Upregulation of lncRNA147410.3 in the Brain of Mice With Chronic Toxoplasma Infection Promoted Microglia Apoptosis by Regulating Hoxb3

Introduction

Toxoplasma gondii can infect almost all nucleated cells in warm blooded animals, including humans. Approximately, 30% of the population is infected with T. gondii latently all over the world (Montoya and Liesenfeld, 2004). T. gondii is neurophilic and can induce Toxoplasma encephalitis (Frénal et al., 2017). However, the mechanism that associated with Toxoplasma encephalitis are unclear.

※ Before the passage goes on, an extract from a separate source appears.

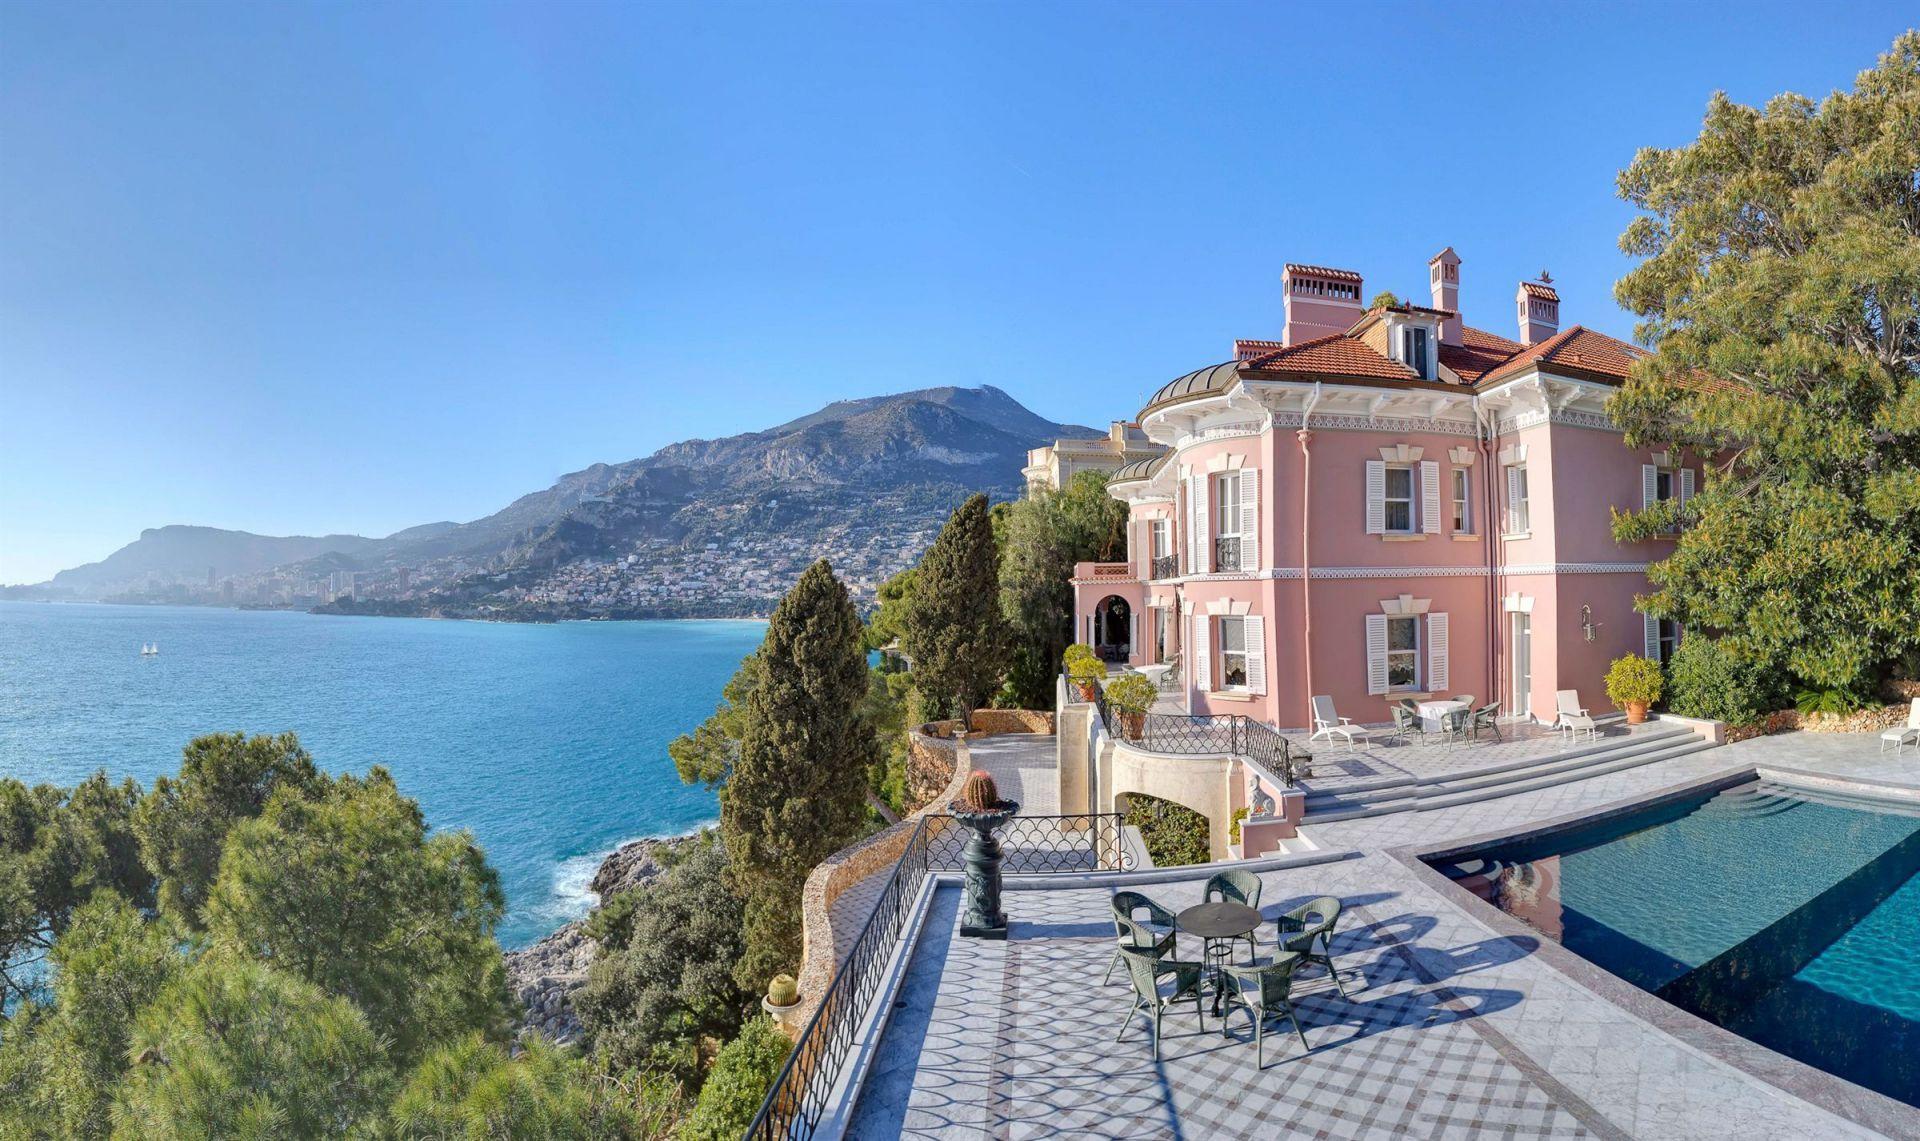 Monaco Living Travel Europe Homes Luxury Homes Lifestyle Property Market  Hugh Wade Jones Enness

Toxoplasma tachyzoites invade and replicate in host nucleated cells actively (Caldas et al., 2016). The tachyzoites can utilize the migration of immune cells (Lambert et al., 2006) to enter the blood circulation and reach the central nervous system (CNS; Lambert et al., 2009). The tachyzoite can infect microglia, astrocytes and neurons in vitro (Scheidegger et al., 2005). T. gondii alters the behavior of its hosts when the infection is in the latent phase, which is characterized by the parasitic cysts in the brain (David et al., 2016). Infected rodents exhibit impaired learning and memory, as well as enhanced activities (Naruse et al., 2018). In addition, Toxoplasma infection has been closely associated with a number of psychiatric disorders. A number of studies have shown that Toxoplasma infection is positively correlated with the occurrence of schizophrenia, epilepsy, neurodegenerative diseases such as Parkinson’s and Alzheimer’s disease (Tyebji et al., 2019). There is a controversy regarding the role of T. gondii on astrocytes and microglia, which may act as a receptor for parasite proliferation or as a protective immune response activator within the central nervous system.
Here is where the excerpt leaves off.